The seeming contradiction in wanting to "finish" the genomes of chimp and macaque versus finishing the human is simply in the definition of the word "finish". We now have random shotgun sequencing for several different humans, with many more coming, in aggregate comprising fantastically deep coverage of the human genome. No other genome of comparable size has anything close to as complete coverage and analysis as the human genome. The few remaining gaps have not been closed because: (1) It is not simply a matter of sequencing, but instead is the resolution of vast tracts of repeated sequences. (2) The number and composition of these repeats is not very interesting scientifically and probably varies a lot among humans anyway. (3) The effort at understanding the variation among humans is much more interesting and important (see the fantastic work of Evan Eichler's group, for example) than obsessing about these gaps of trivial importance. In contrast, when people are talking of "finishing" the genomes of chimp and macaque and other organisms, they are speaking of further efforts at improving the quality of these draft genomes. No one even imagines that sufficient effort will be expended any time soon to get these anywhere close to the quality of the human genome sequence.

I may be wrong here but I was under the impression that there were several bits of the genome that, as yet, *couldn't* be finished. Very repetitive C/G sequences, or impossible spice sites and things.

Of course, teaching always lags behind research a bit, so I could be very wrong there. :)

Hi,
the black parts on the genone could not be done due to technological reasons. The blue parts are as good as it gets, so it's perfectly reasonable to consider our genome 'done': it simply couldn't have been done 'more'. The black parts are not doable (or rather: not doable with reasonable time, cost and effort using current techniques), for now.

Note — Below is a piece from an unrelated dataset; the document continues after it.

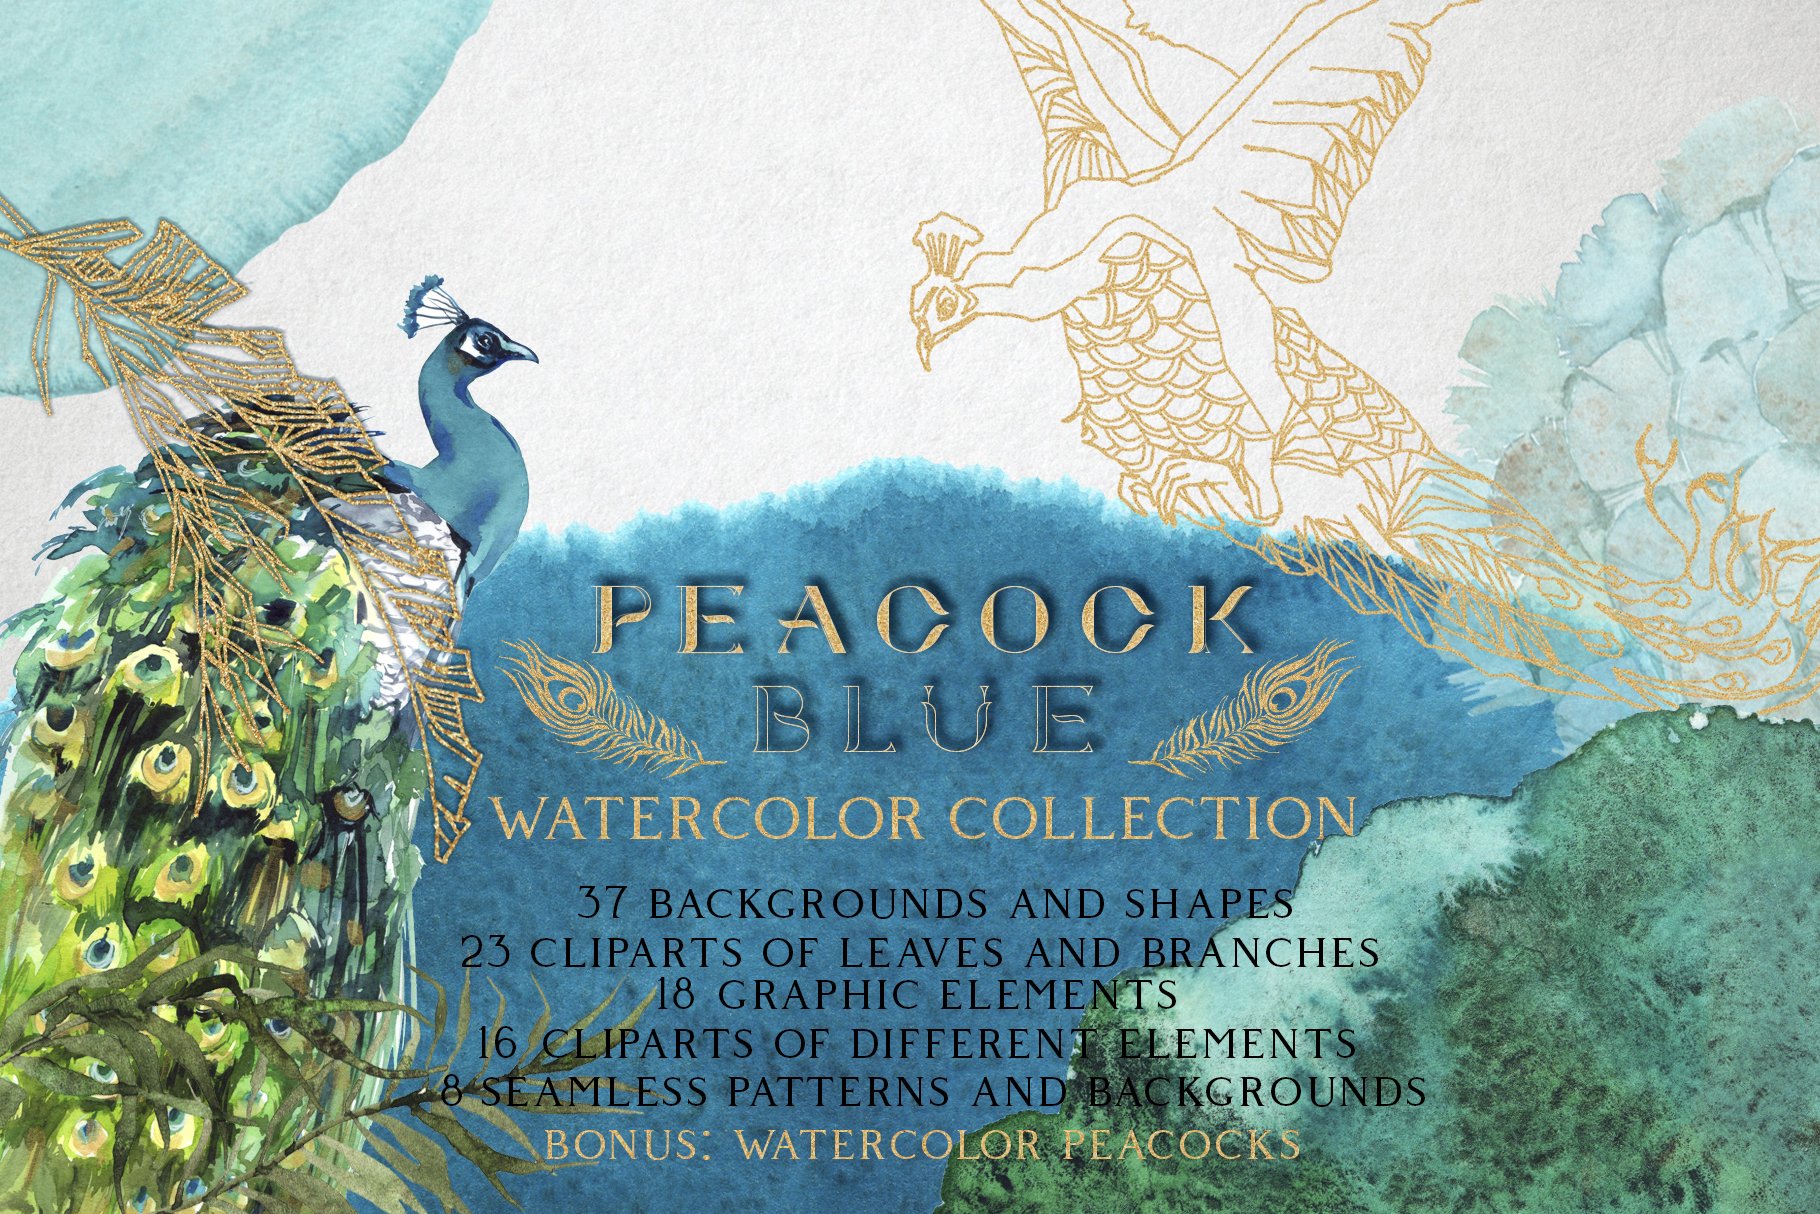 Peacock Blue Watercolor Collection cover image.

You could always argue that the blue parts could be done better (improve error rate, assembly, annotation etc.), but this is in fact happening all the time, and subsequent builds of the genome are affected by this ongoing work.

There is no 'absolute' genome, because we still don't quite know how genome works etc. (imagine that a few years ago we didn't know about microRNAs). But in terms of raw sequence, it's done.

It seems that now the goal is to have complete (in the current reference genome sense) diploid genomes from as many individuals as possible. BTW: the reference genome we all know is not a diploid genome, and not a genome from any person, it's a composite from couple of individuals ;-) - as such it's not too good as a reference, but it's the best there is.

cheers
yot

Yot-
The black parts of the genome (in the picture above) are certainly more difficult, but work is being done to obtain sequence information for these regions. See http://genomereference.org for more information.
But- the idea is to make the reference even better, it currently represents some highly variant regions with 'alternate loc'. Producing these alternate loci allow us to make the reference assembly better- in fact, we show 8 different haplotypes at the MHC locus (the representation in the reference chromosome + 7 alternate loci) so GRCh37 can represent more diversity than a diploid assembly at a given locus.

Thanks noyk,

I just finished reading the paper. yeah!